I aspired to take the art of chocolate making to the next level for years

FOR most people, holidays are a time to relax and enjoy some time away from the stresses of everyday life.

For Phani Kundeti, however, although his travels to Kerala, at the southern tip of India, with his wife and children were originally intended to provide nothing more than a quiet break, he It didn’t take long for the landscape to inspire new enterprise.

“The idea of ​​the business had been on my mind for a long time,” explained the man known to many islanders as Chief Kundeti. “I have always loved chocolate and for many years wanted to take the art of chocolate making to the next level.

“During our stay in Kerala, we quickly noticed the many plantations where farmers were cultivating thousands of hectares of cocoa beans and as I looked around these lands, more and more ideas for the business started to come up. form.”

Indeed, shortly after this vacation, the former executive chef of the Hotel de France spent two months in the Indian state, working with farmers to understand the quality of cocoa beans and production methods.

“Grain quality was extremely important to me,” Kundeti said. “Once I knew the standard was incredibly high, I set up a cocoa processing unit in Andhra Pradesh, a state in southern India, and then taught some farmers how to handle beans after harvest to ensure they were dried and fermented in the right way to give them the flavor profile needed to make chocolate.

With the processing unit operational, Kundeti launched Kâuma, a range of Bean 2 Bar artisan chocolate products, which are sold in supermarkets and health food stores across India.

“The name Kâuma comes from two Indian words meaning peace and tranquility as well as the name of an Indian god, which reflects cocoa’s origins as food for the gods,” Kundeti explained. “Chocolate was well received in India but when I came back to Jersey I wanted to create a more sophisticated product as the European palate is a bit more developed when it comes to chocolate.”

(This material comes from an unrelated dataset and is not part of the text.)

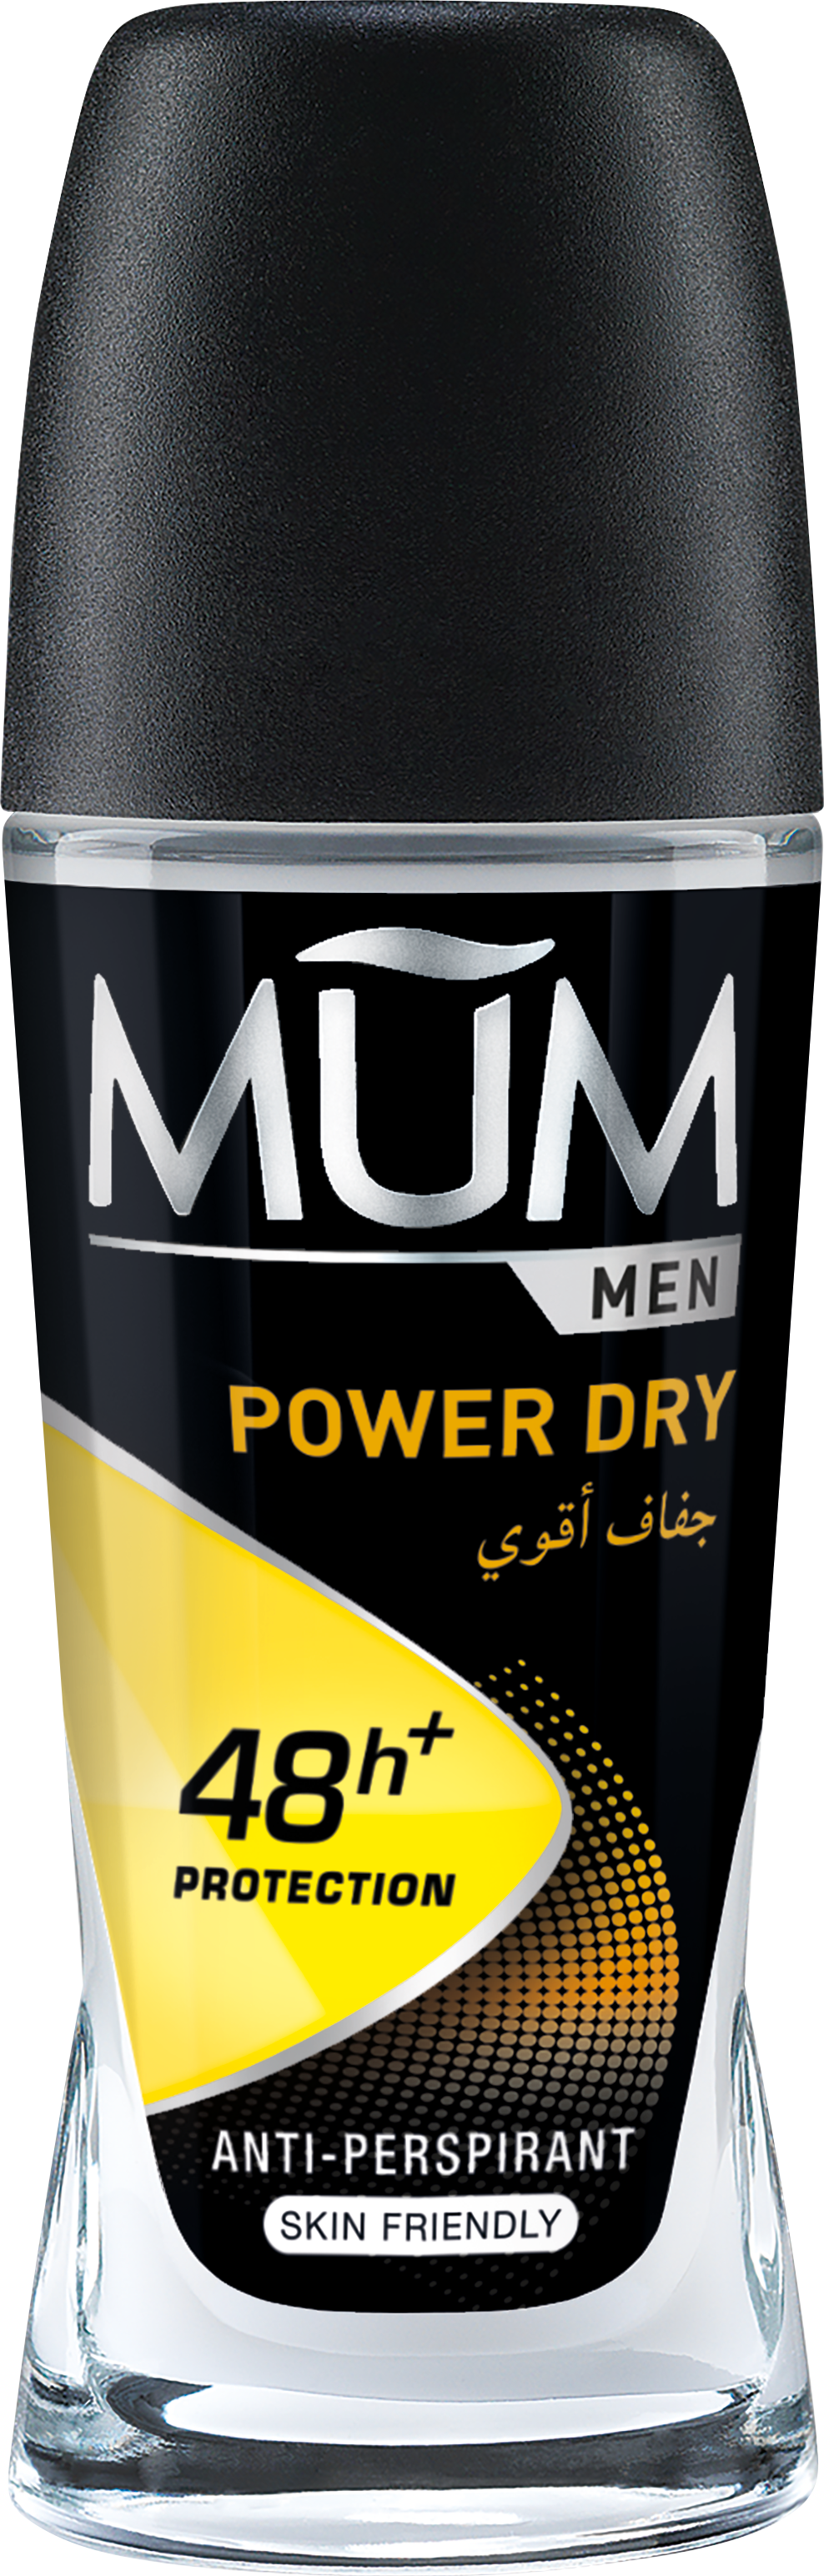 Men Power Dry

So Kundeti set out on a mission to develop a “platform that would showcase both Indian beans and Jersey terroir” – a mission that earlier this summer culminated in the launch of Cocoa49.2.

“It took about six months to develop the recipes for the initial product line,” he said. “Before working in the kitchen I did a lot of research in the UK and Europe which showed that although people understand that dark chocolate is the healthier option, milk chocolate is the most popular in terms of flavor and creaminess. .

“As a result, I set out to create a recipe that tasted like milk chocolate but had the benefits of dark chocolates. This product contains 49.2% cocoa solids, which is why the company is called Cocoa49.2.

Coincidentally, 49.2 is also one of the island’s GPS coordinates.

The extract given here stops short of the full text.